Torroella-Kouri recently presented her findings in human breast cancer, macrophages, and ethnicities at the American Association for Cancer Research (AACR) Annual Meeting 2015 in Philadelphia. She reported on macrophages having a prognostic factor in the breast tumor microenvironment and variances among race/ethnicity, such as African Americans and Latinas (two population groups in which she found a significantly high number of macrophages and inflammatory crown-like structures in breast cancers compared to Caucasians). She also presented data from a pilot study (funded by a Minority Supplement to her CRCHD-funded R21) that demonstrates for the first time that breast cancer-associated macrophages undergo proliferation, and that they do so at different rates across ethnicities. Findings from her R21 study suggest that African-American breast tumors have higher numbers of macrophages because they proliferate at a higher rate than other population groups.

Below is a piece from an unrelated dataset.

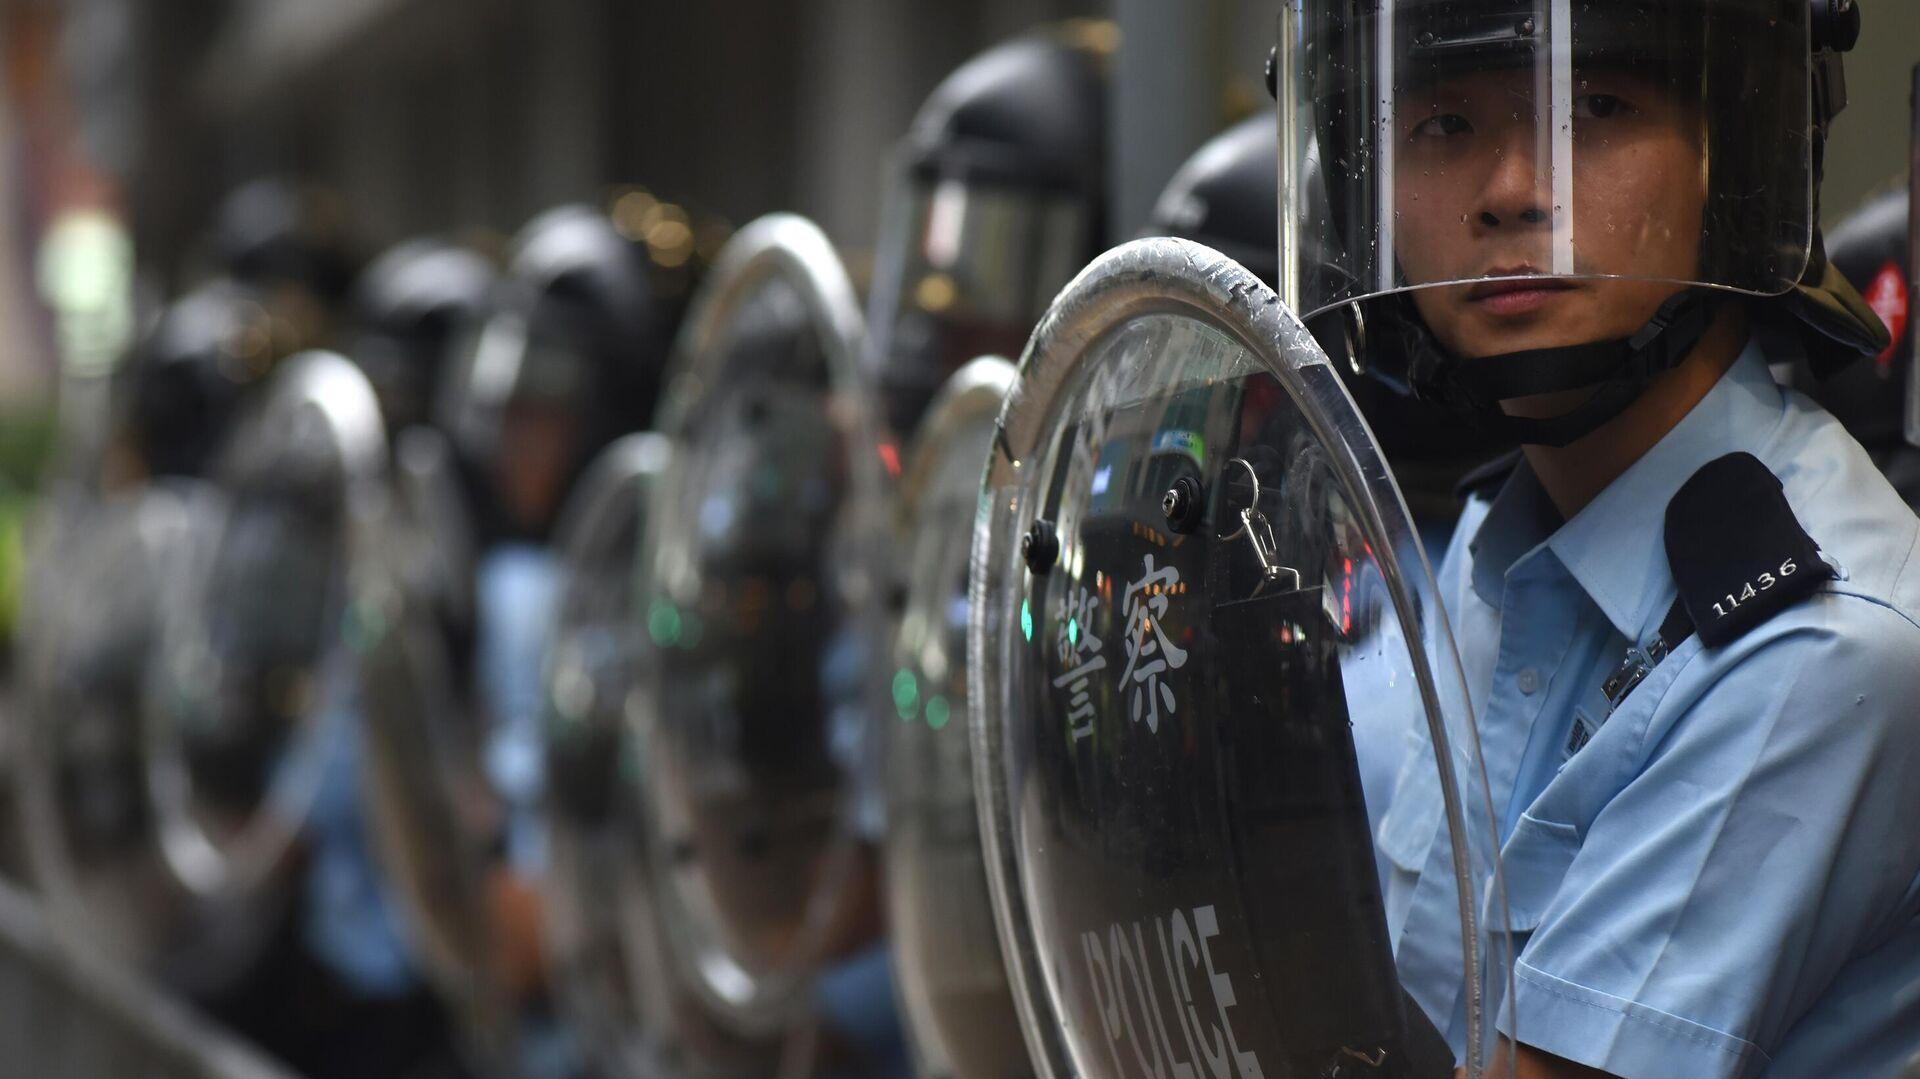 Полицейские у полицейского участка во время акции протеста в Гонконге.  17 августа 2019 - РИА Новости, 1920, 05.06.2021

Torroella-Kouri’s interest in health disparity research is a personal one. “We believe exploring non-genetic biological differences may explain disparities in aggressive patterns of breast cancers found in African Americans and Latinas,” Torroella-Kouri said. “My interest stems from being a Latina, and realizing that I can make a difference in the understanding of this important area of research.”    

Torroella-Kouri credits NCI CRCHD as being instrumental in developing her career. “It is very hard to start your career from scratch a second time in life, especially when you previously had a productive career.” She added, “Thanks to the support provided by NCI CRCHD, I was able to reorient my career, reinitiate my work in cancer research, and organize my own laboratory in the U.S.”

For others interested in pursuing a career in the biomedical sciences, Torroella-Kouri offers some advice, “Work hard; believe in yourself. The sky is your ceiling; never give up.”